I celebrate his attention to detail and his strive for the remarkable, though he is overly hard on himself sometimes . . . like the time he was learning to ride his bike. He got to the end of the driveway, and as he attempted to turn onto the road, he fell. He took a minute to look at his scraped knee, then picked himself and the bike up, walked it back up to the top of the driveway, and started over, falling again. This time he boo-hooed (and I mean loudly). “Are you okay?” his dad asked rushing over to check on him. “Yeah,” Kipp said, “I’m fine, but I FELL IN THE SAME SPOT.”

I celebrate Kipp’s sense of hospitality, his sense of humor, his precociousness. When I asked our pediatrician why baby Kipp wouldn’t stop crying, she said it’s because he was a 40 years old man trapped in a baby’s body. This woman of science told me that, and she was absolutely right.
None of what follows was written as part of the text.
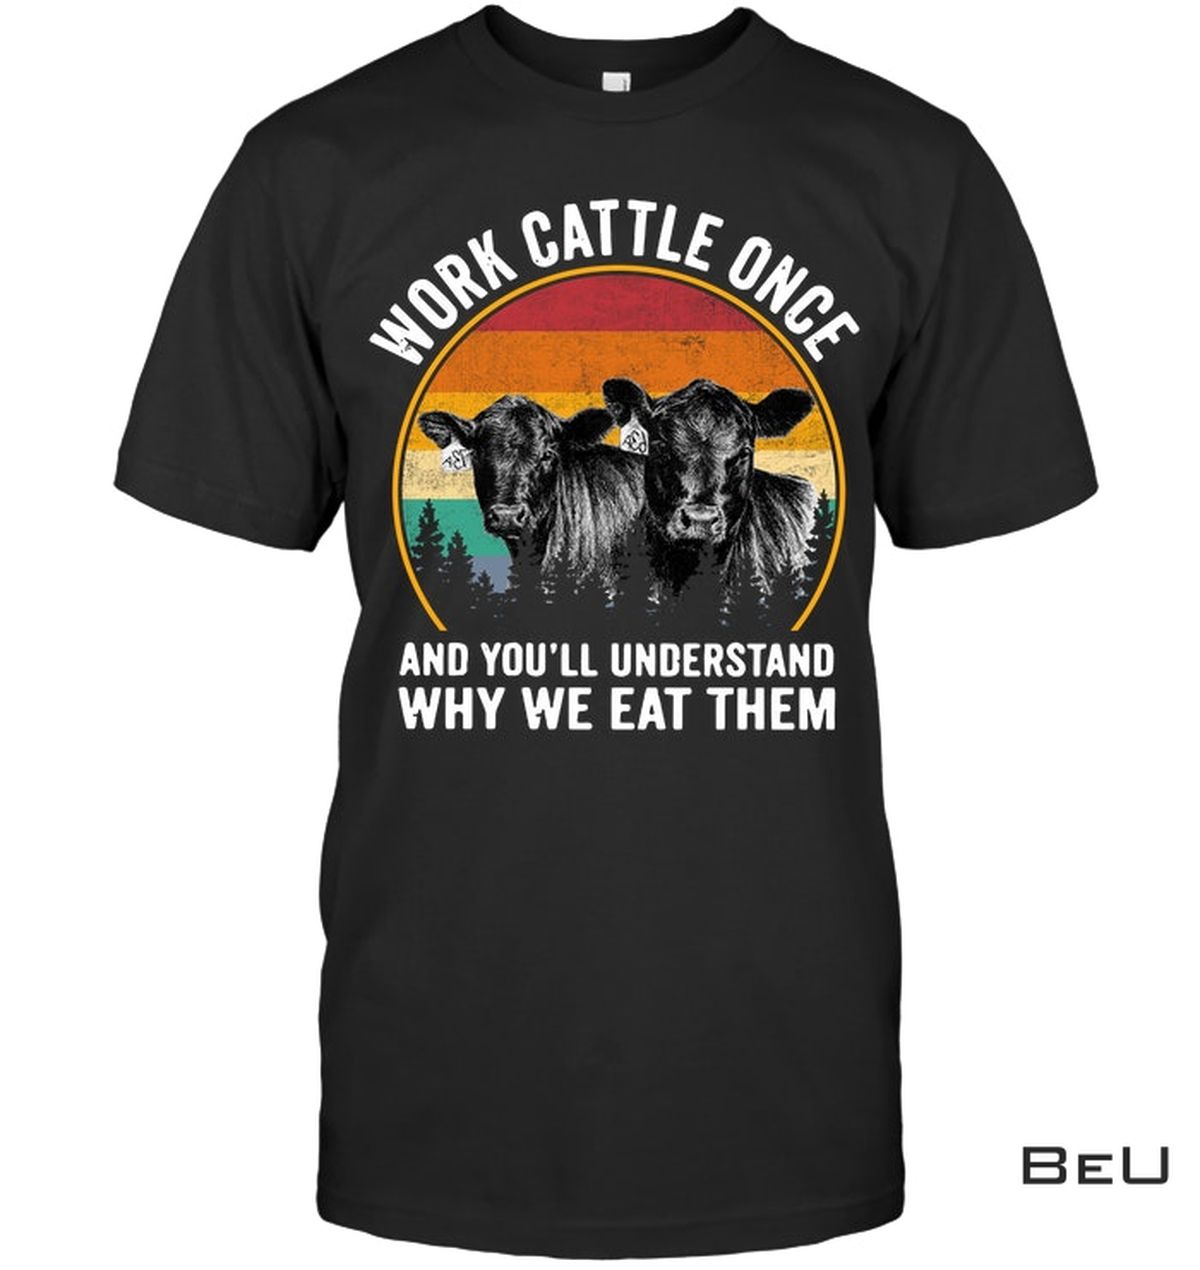 Work Castle Once And You Will Understand Why We Eat Them Shirt

I celebrate Kipp’s willingness to be vulnerable and his ability to let other people be vulnerable without rushing to make it better or fix anything. I celebrate his sensitivity, his desire to be his ow man, and how he lives with diabetes, taking good care of himself without whining and complaining of all the extra steps that involves for him.

I celebrate my lucky stars and swimmers and eggs that all came together to place Kipp in my arms, in my heart, in my life. As he said that one Christmas, rubbing the sleep from his eyes as he looked down on what Santa had left under the tree: “I didn’t know I be’ed this good.” Whatever I did i a former life, it had to be pretty darn special.

I call him Slug because he is the hottest coal that keeps my fires burning. Happy birthday, Kipp. I love you more than my pocketbooks.